**What needs to be done:** Retype, word for word, every line starting at the line with "Fresh Start: Podcast News (7/10/2019 Wed.)" and ending with the final line of the entries; skip the pictures.

**Extracted material:**
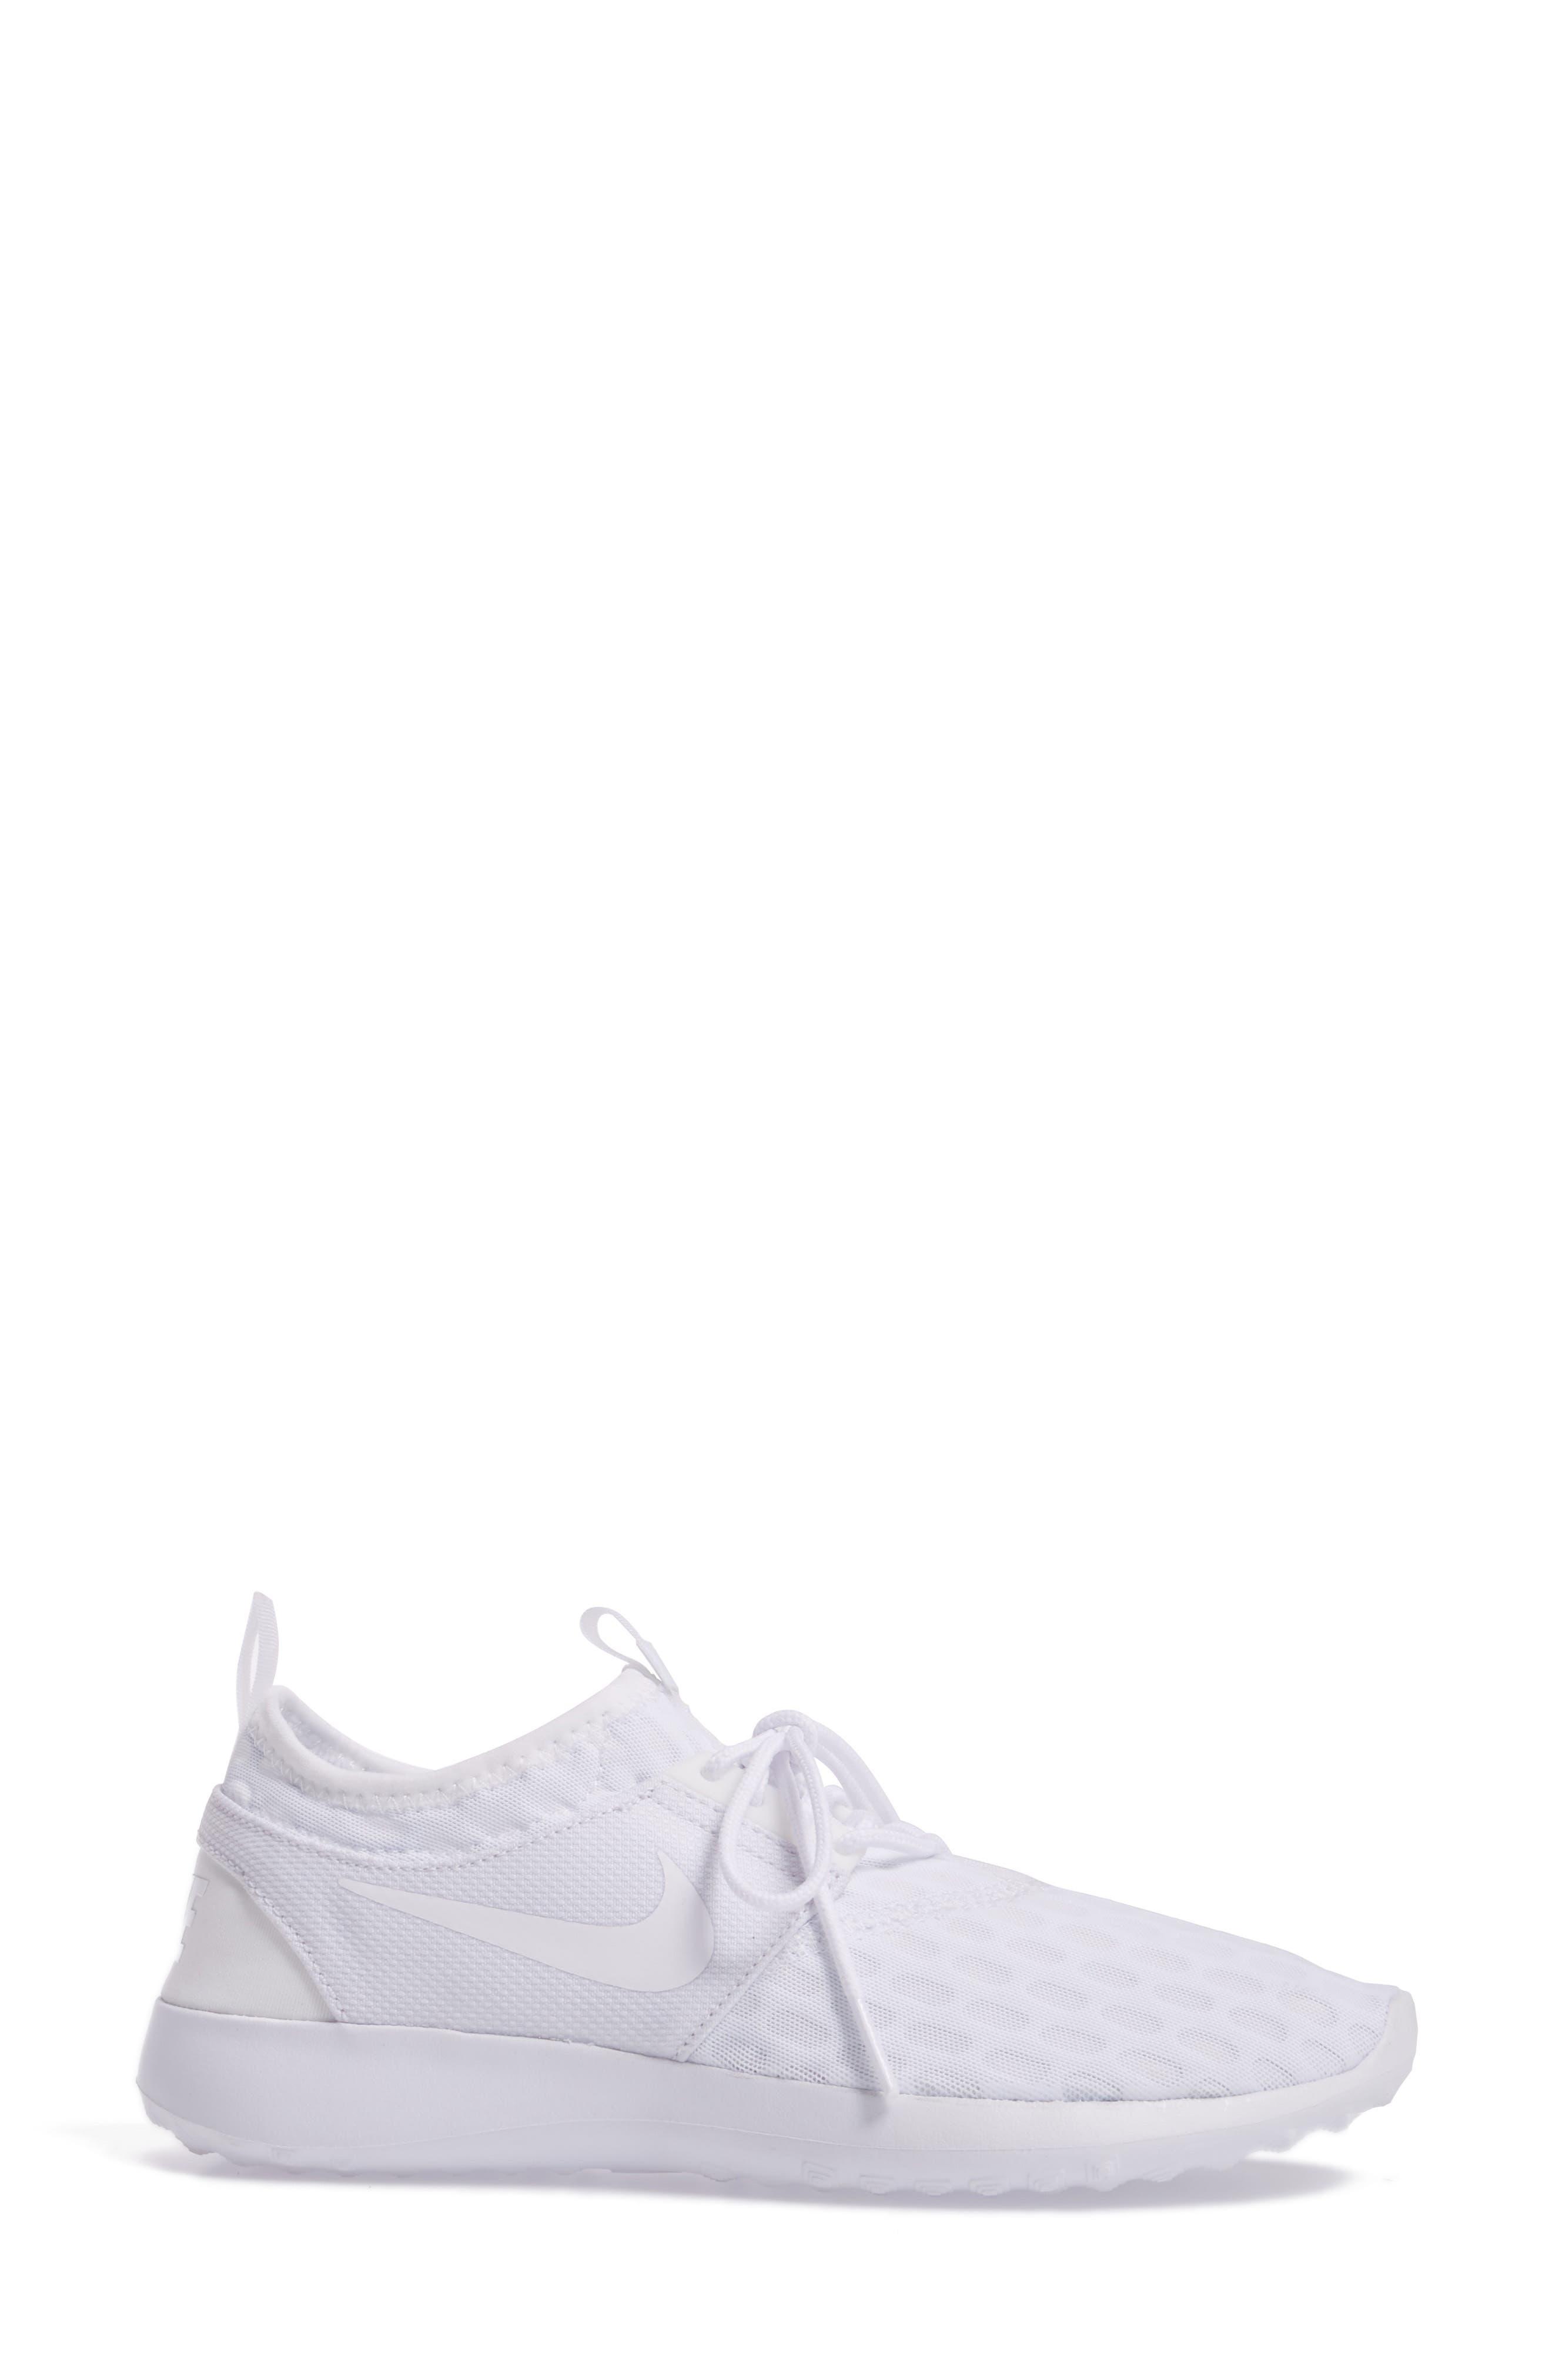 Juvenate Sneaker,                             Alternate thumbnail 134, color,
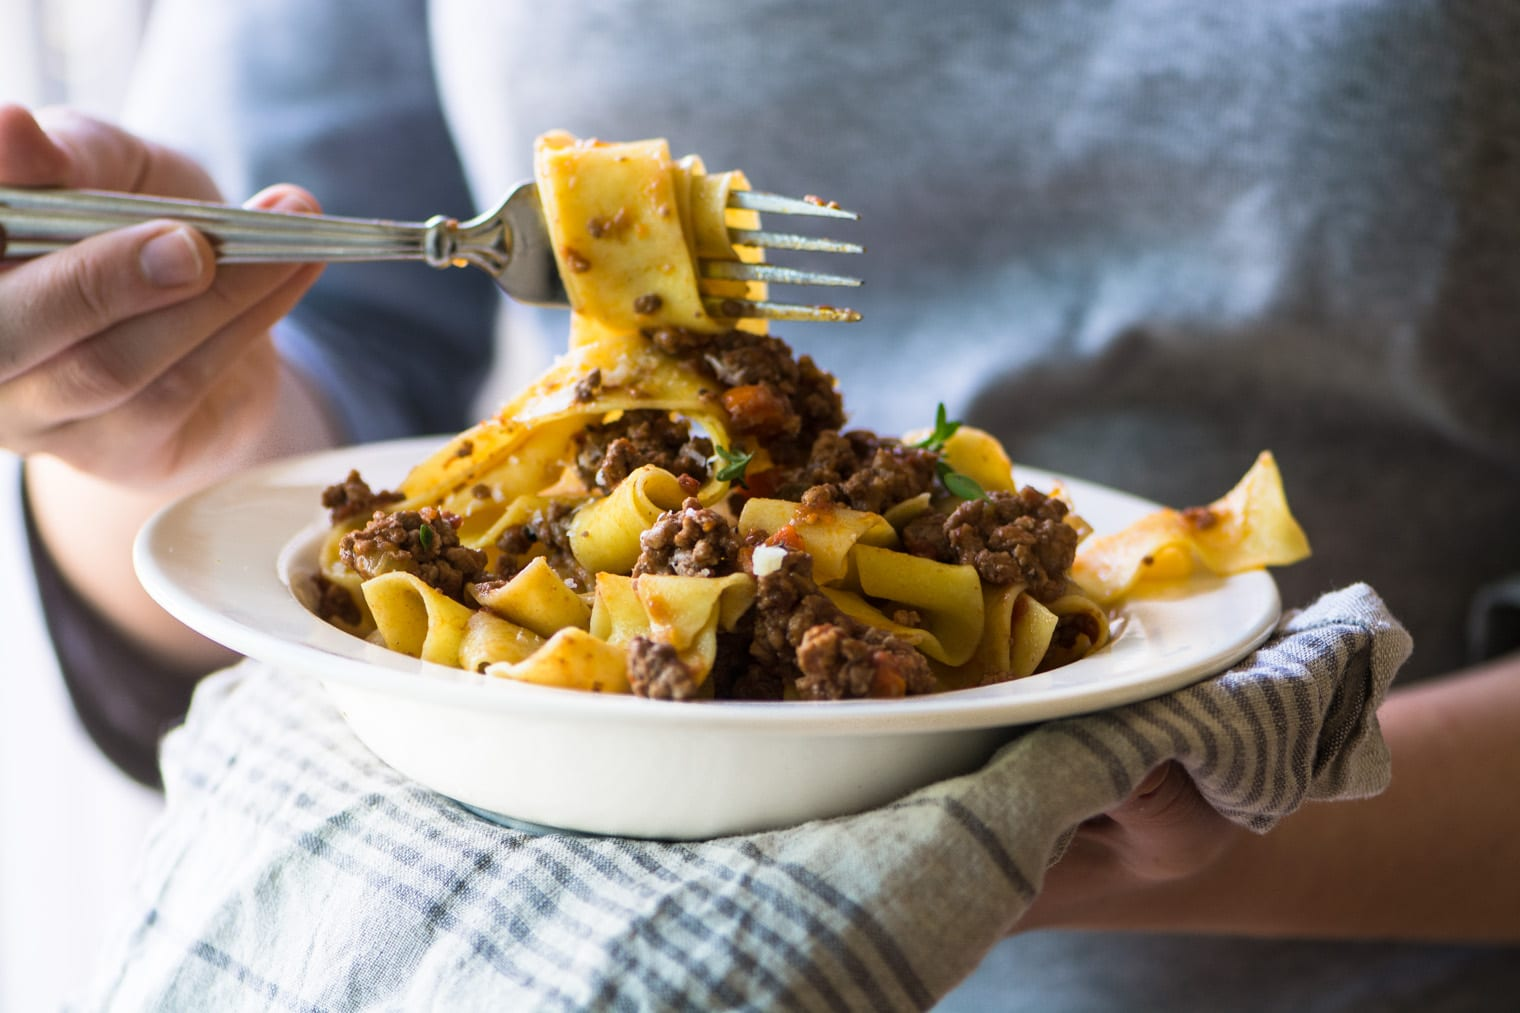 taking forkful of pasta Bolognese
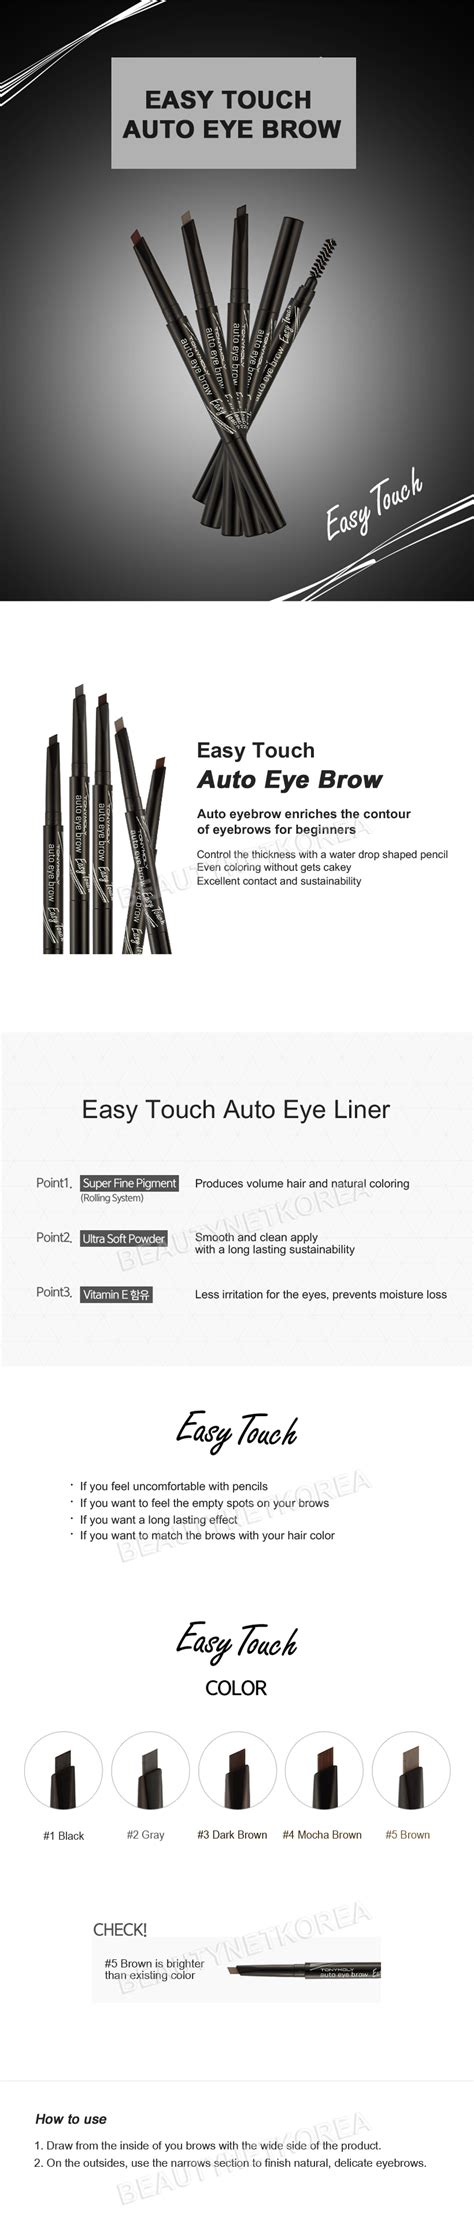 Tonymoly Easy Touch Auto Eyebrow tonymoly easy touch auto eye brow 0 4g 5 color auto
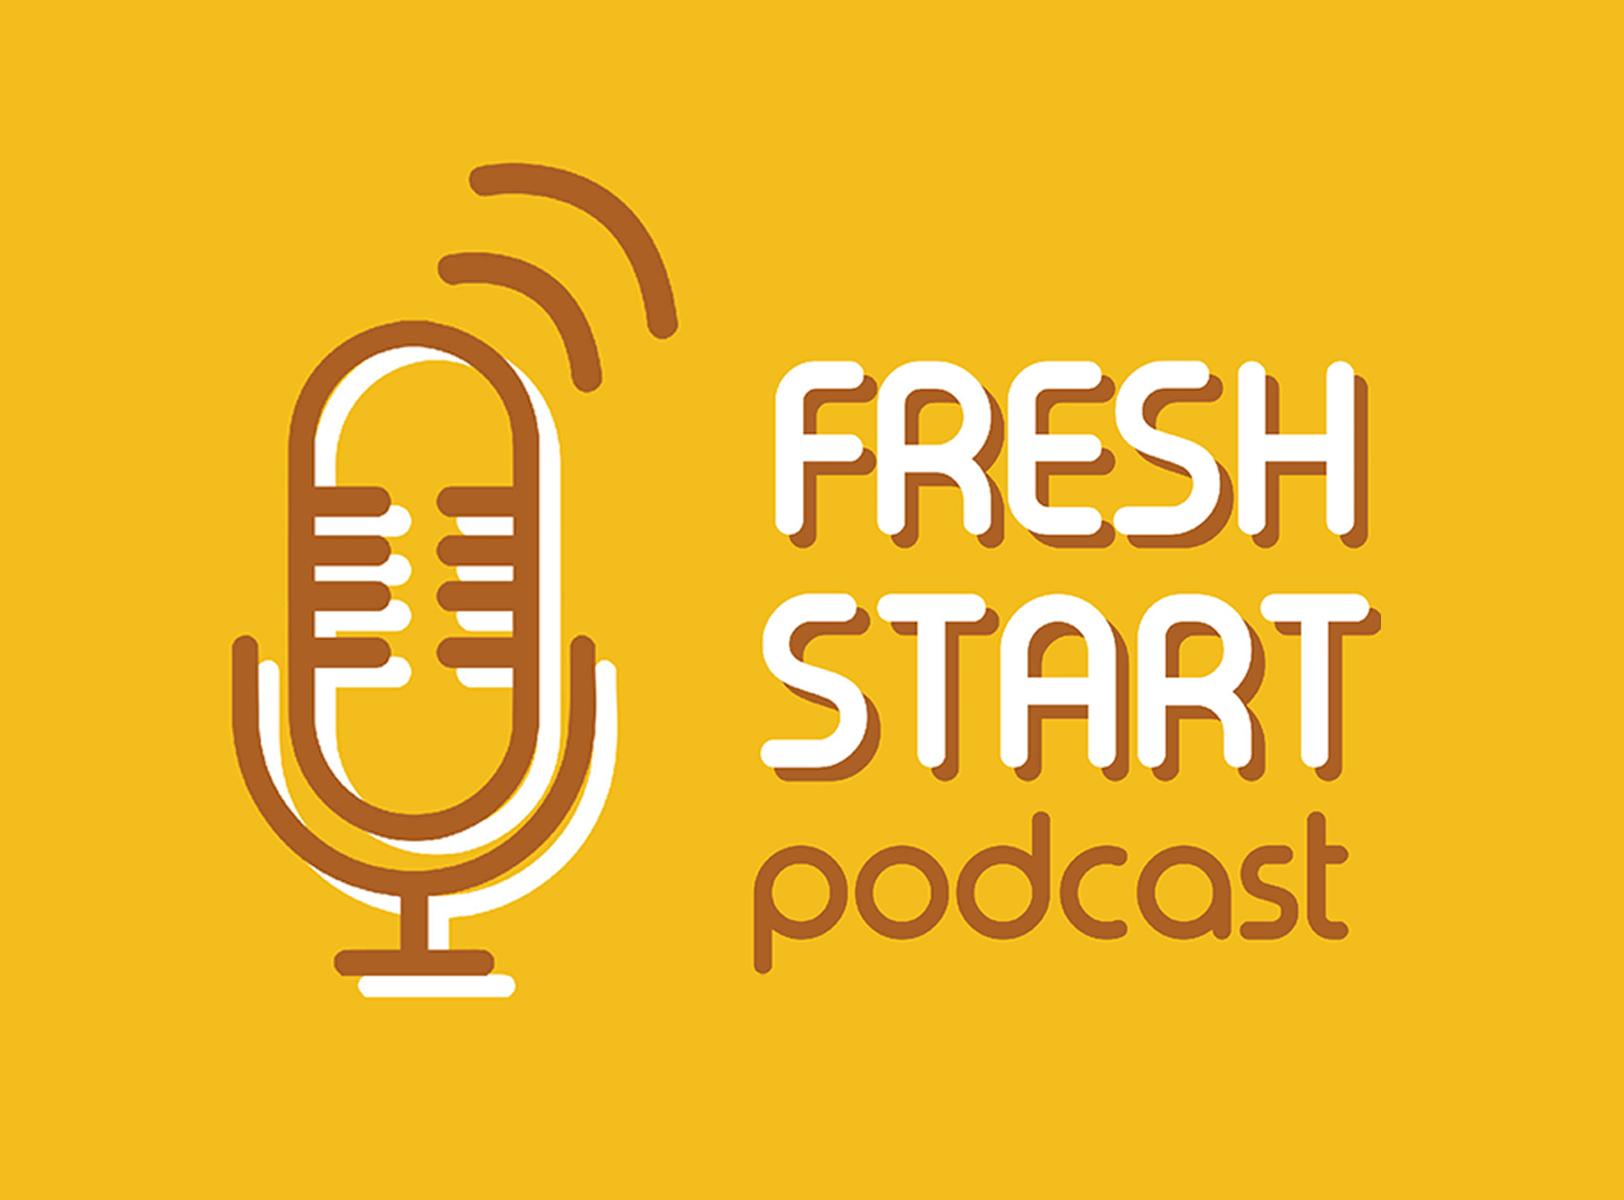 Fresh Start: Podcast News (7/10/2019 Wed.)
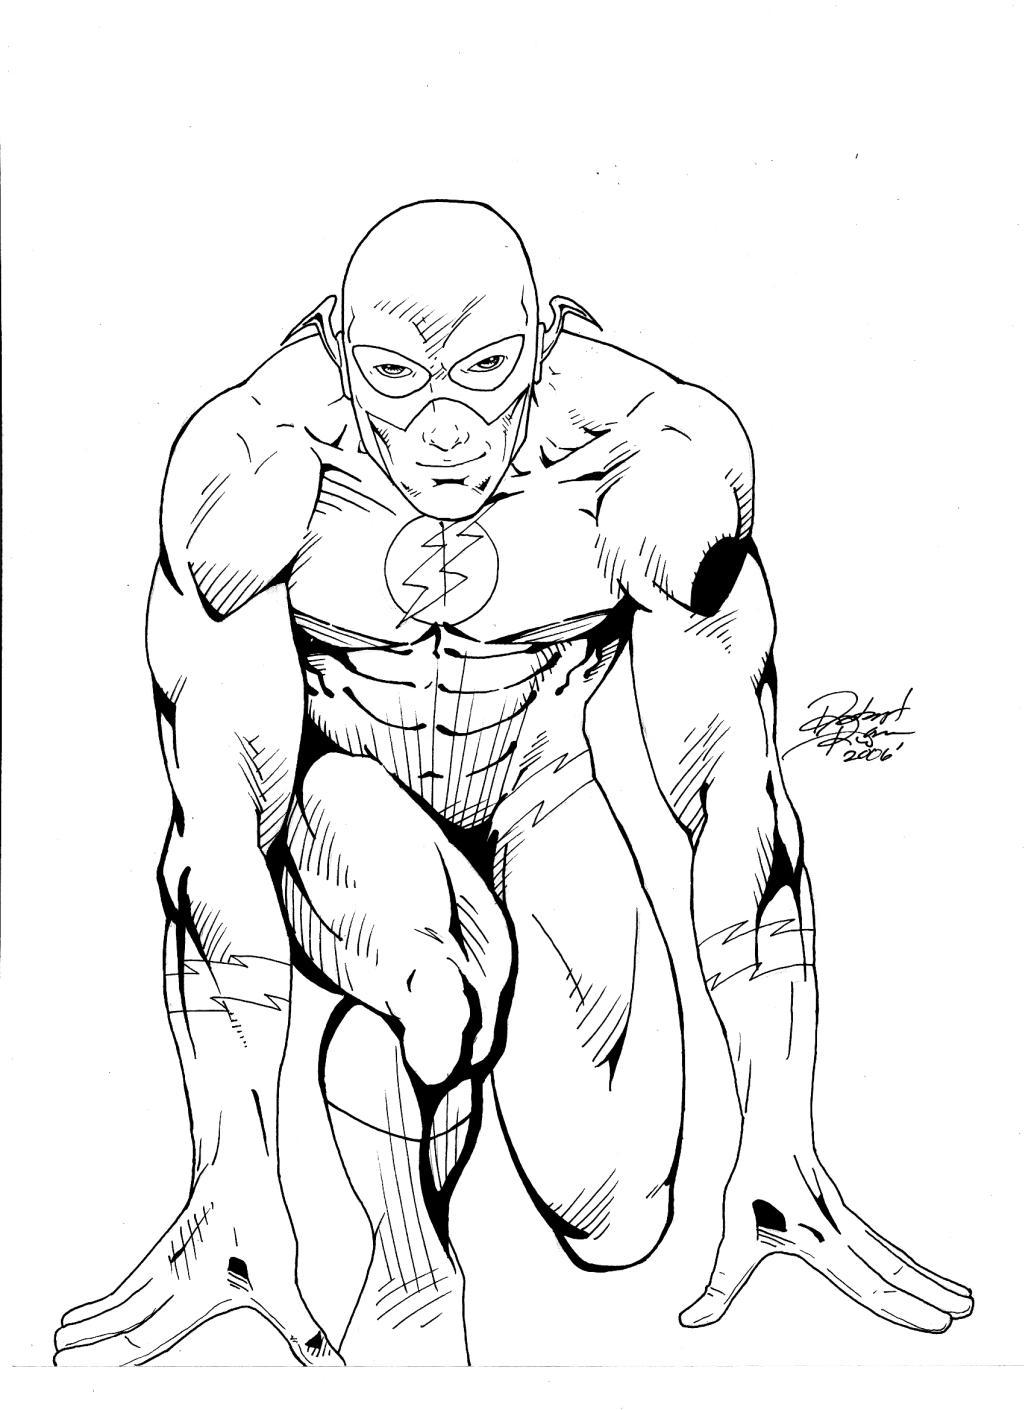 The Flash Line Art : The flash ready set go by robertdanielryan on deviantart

**Result:**
 Fresh Start: Podcast News (7/10/2019 Wed.)
 The Flash Line Art : The flash ready set go by robertdanielryan on deviantart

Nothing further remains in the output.